*WORK ITEM*
Exclude the pictures, and otherwise reproduce the data in full.

::: INFORMATION SHOWN

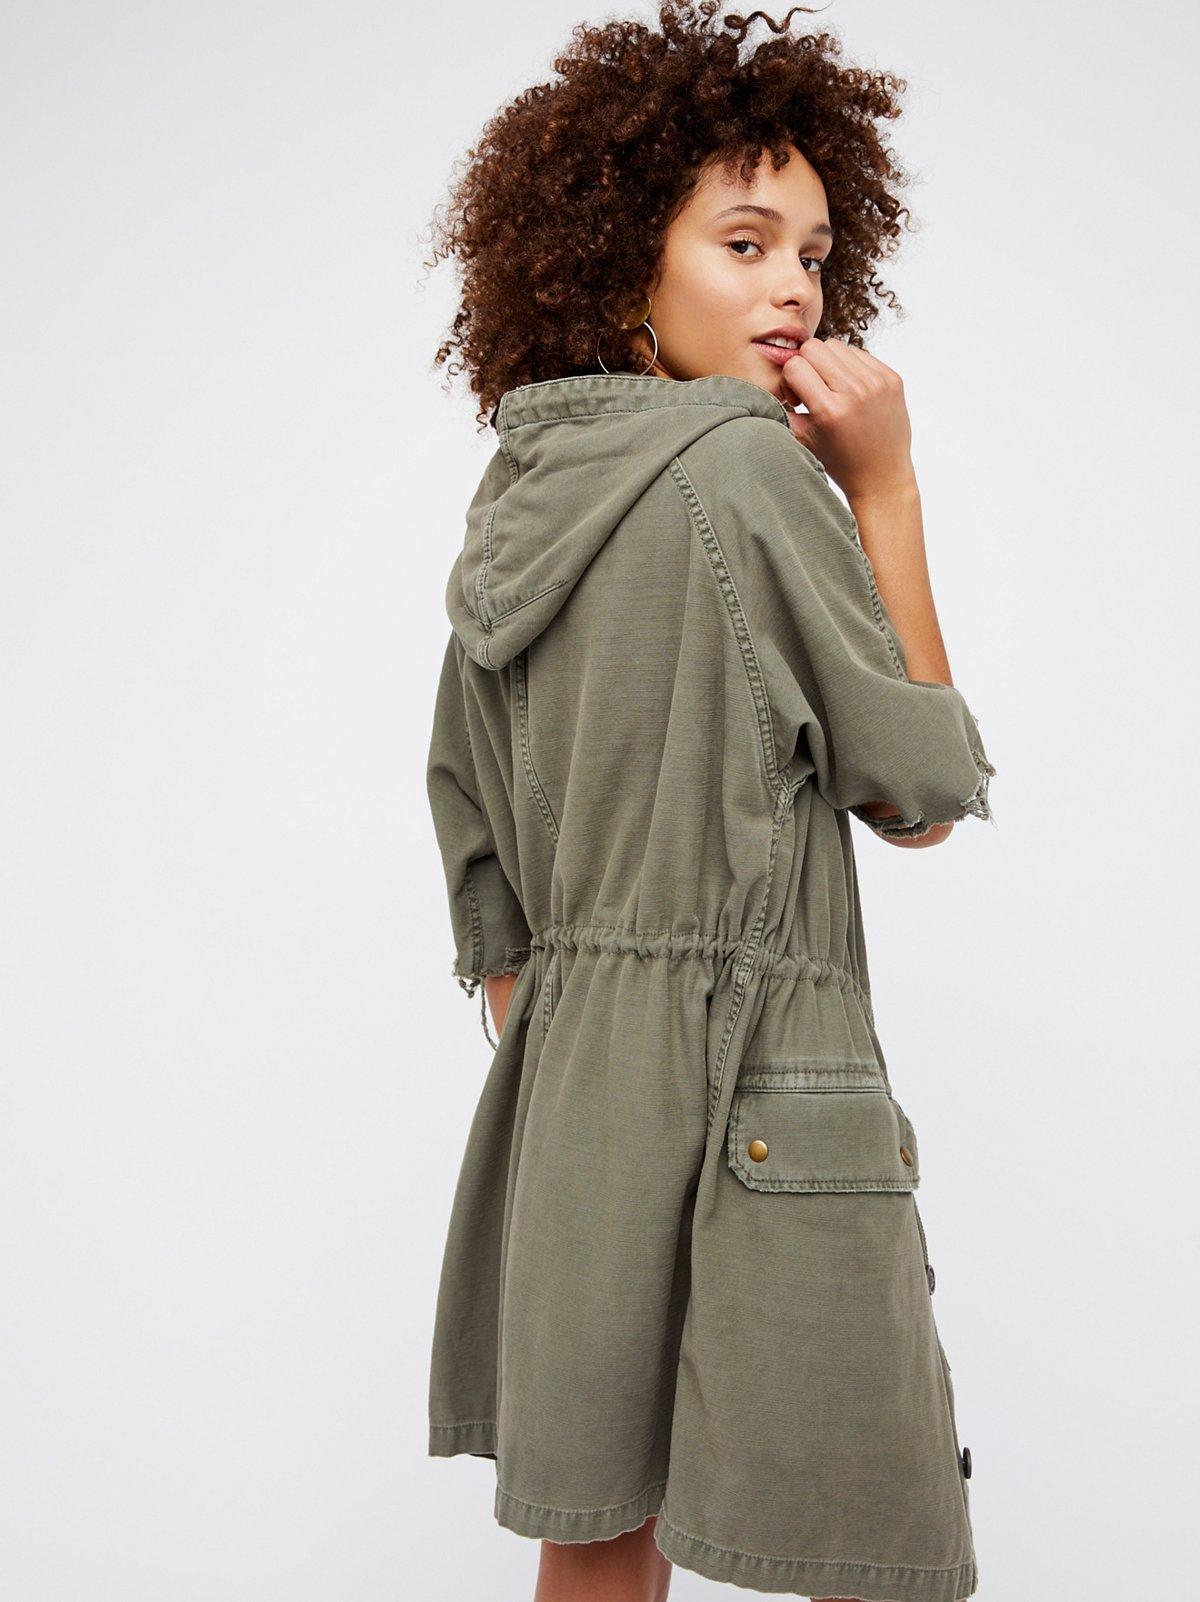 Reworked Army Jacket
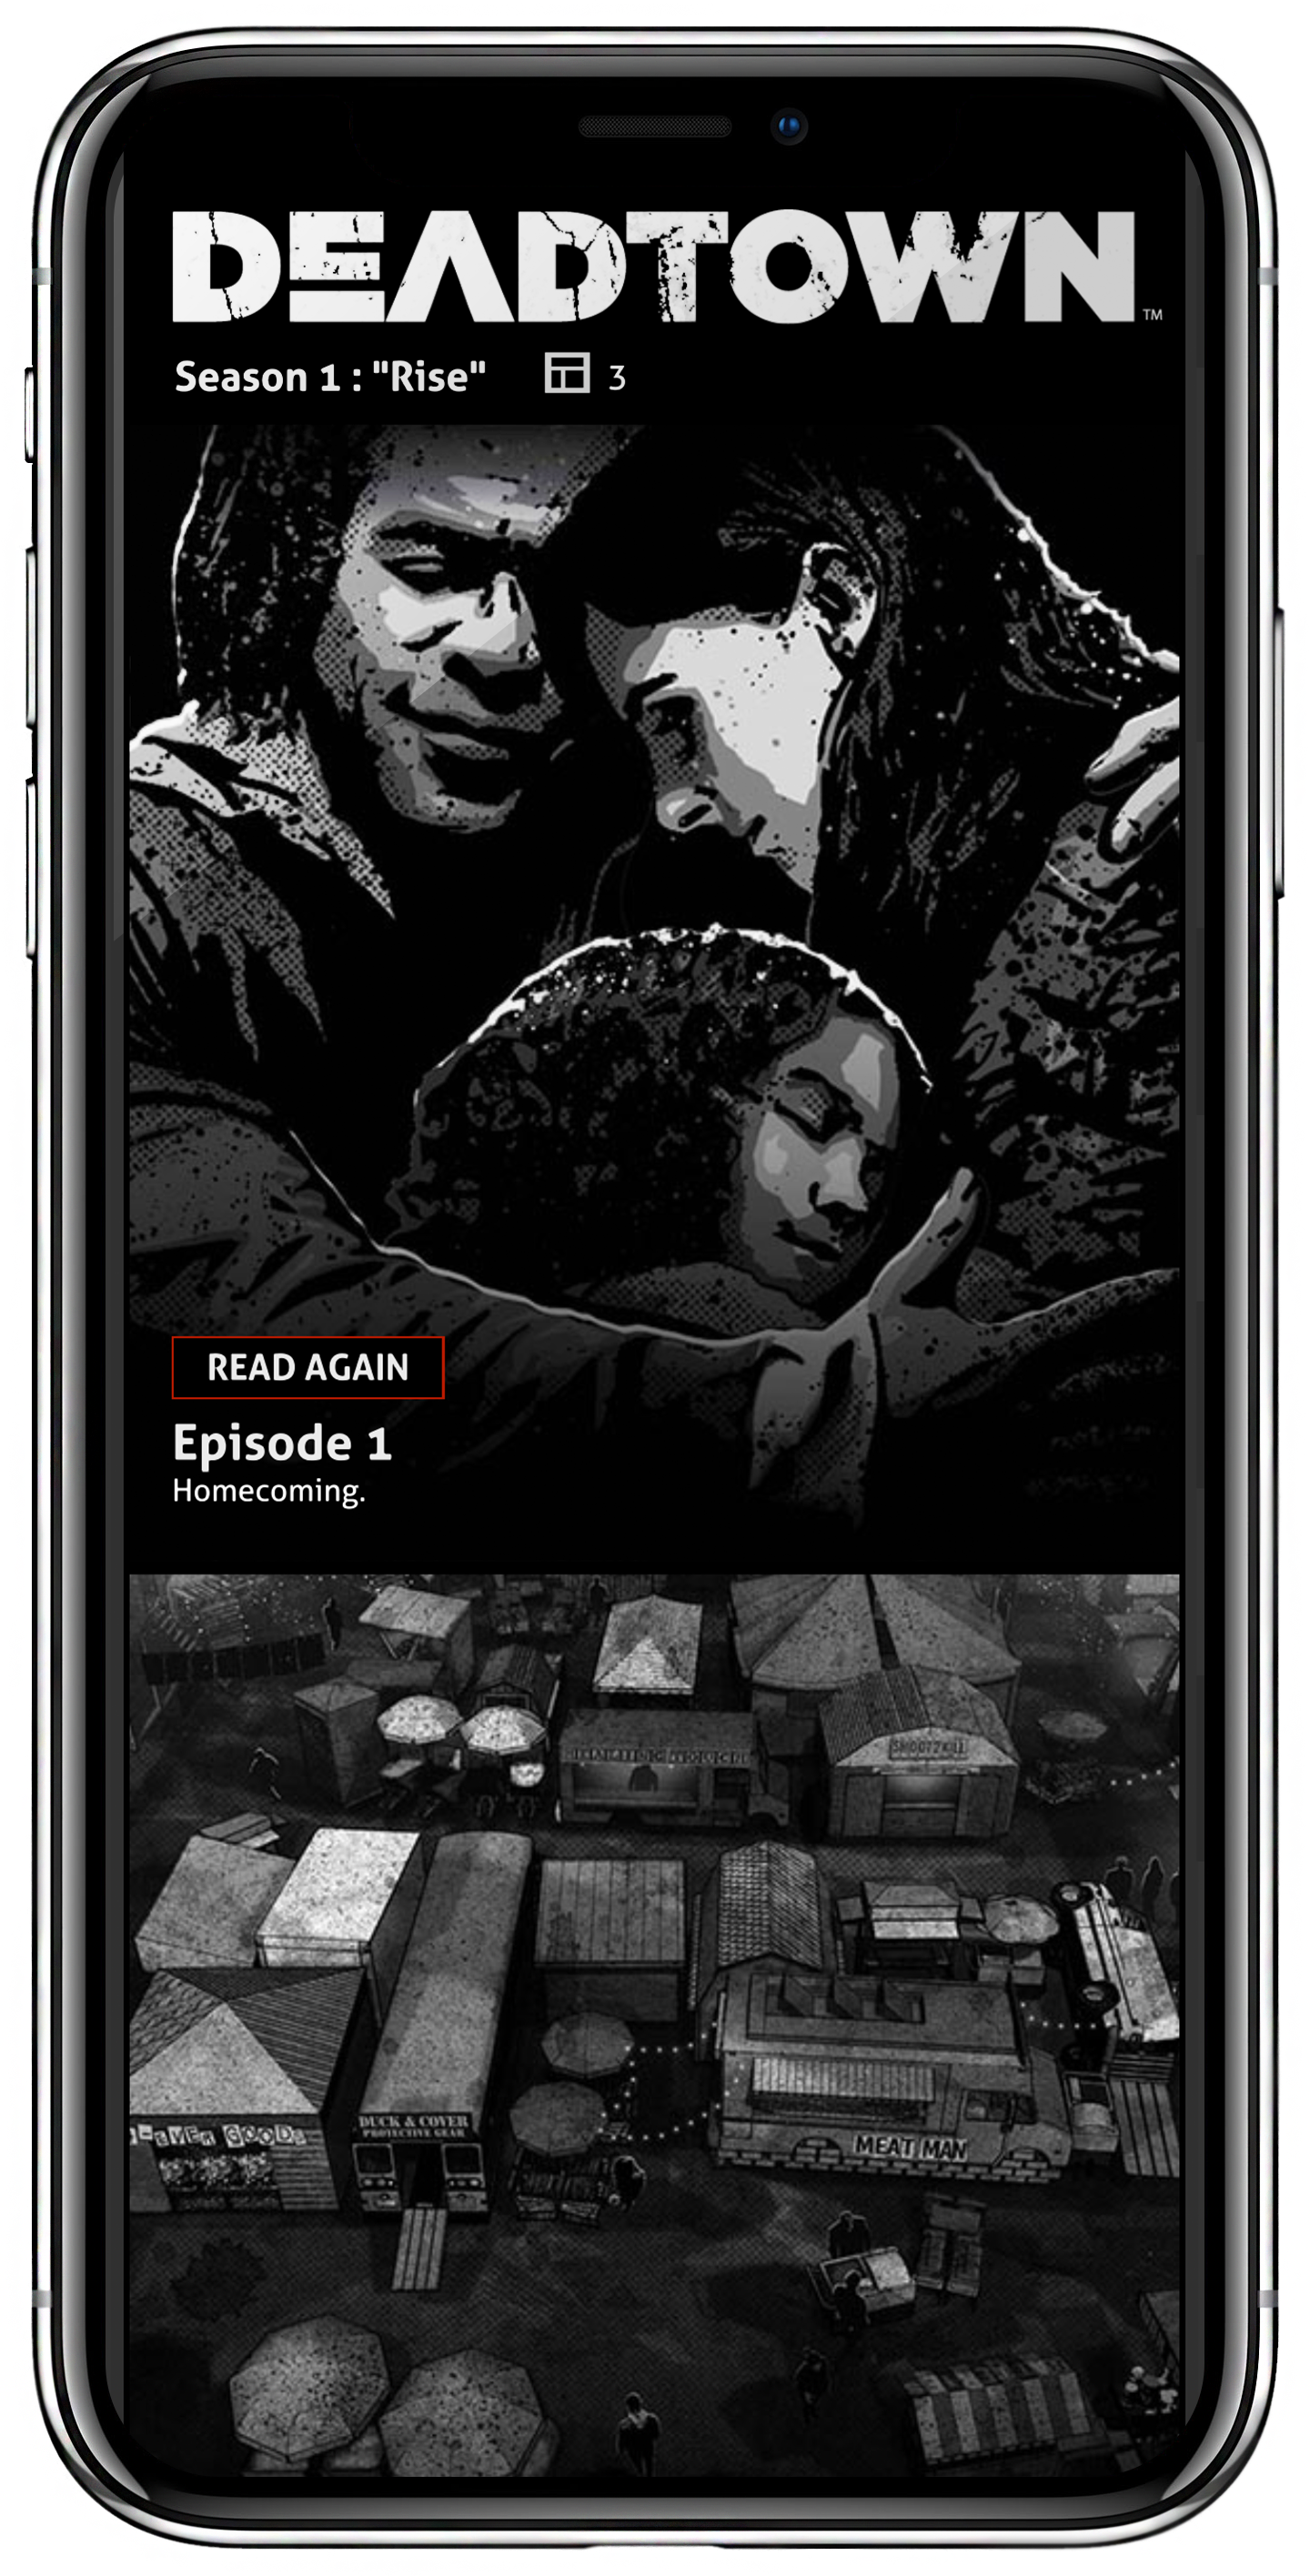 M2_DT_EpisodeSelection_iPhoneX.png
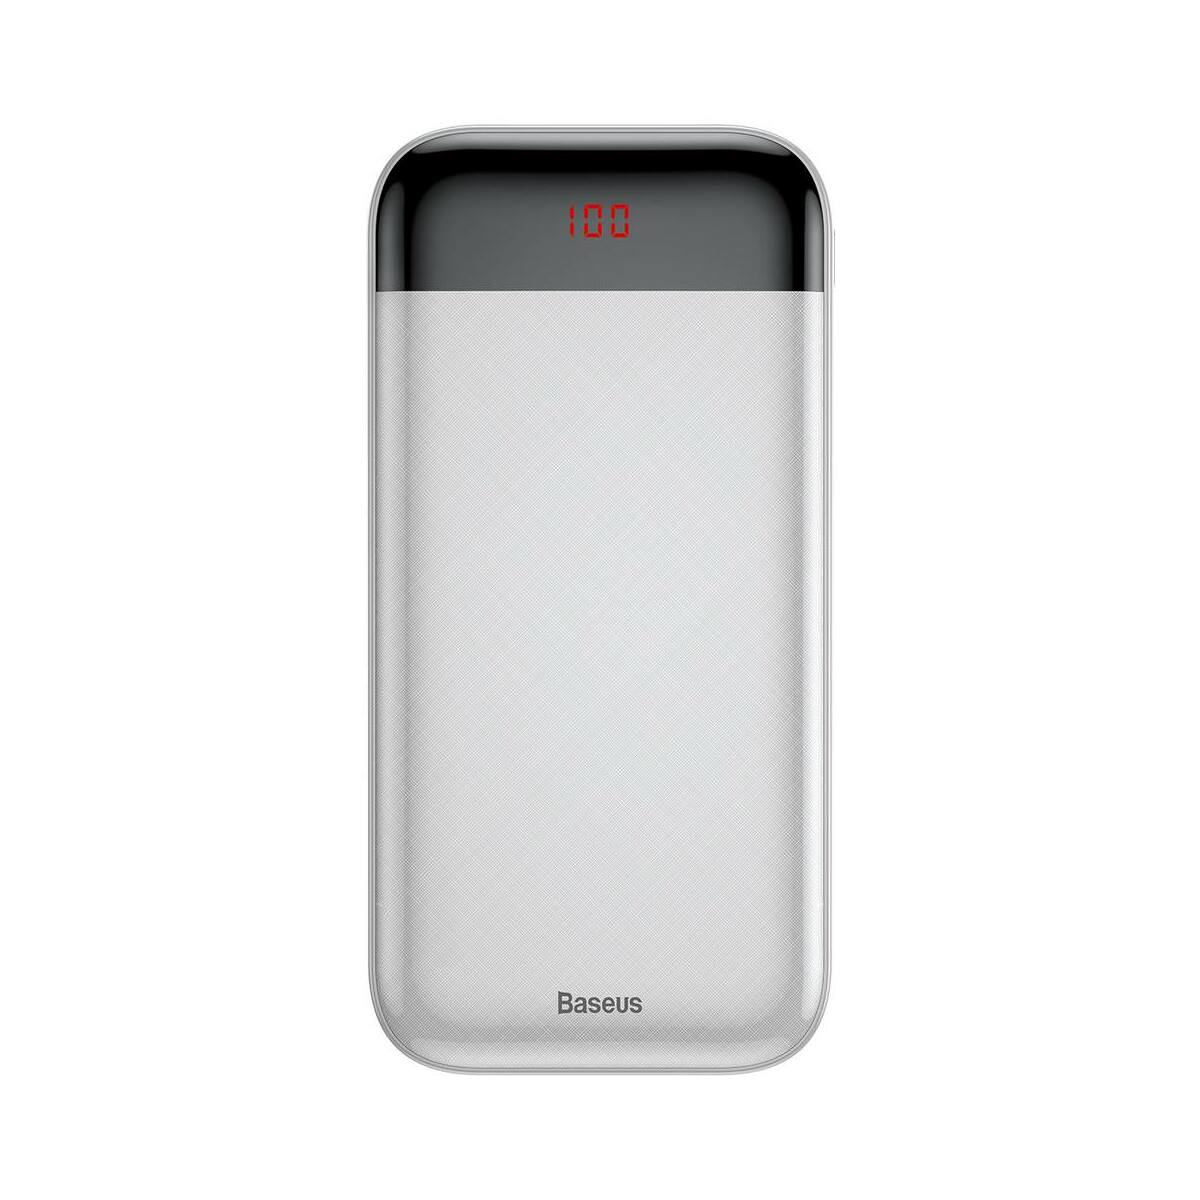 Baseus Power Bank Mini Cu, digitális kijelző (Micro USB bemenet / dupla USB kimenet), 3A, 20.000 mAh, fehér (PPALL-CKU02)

::::::

*EXERCISE RESPONSE*
 Reworked Army Jacket
 M2_DT_EpisodeSelection_iPhoneX.png
 Baseus Power Bank Mini Cu, digitális kijelző (Micro USB bemenet / dupla USB kimenet), 3A, 20.000 mAh, fehér (PPALL-CKU02)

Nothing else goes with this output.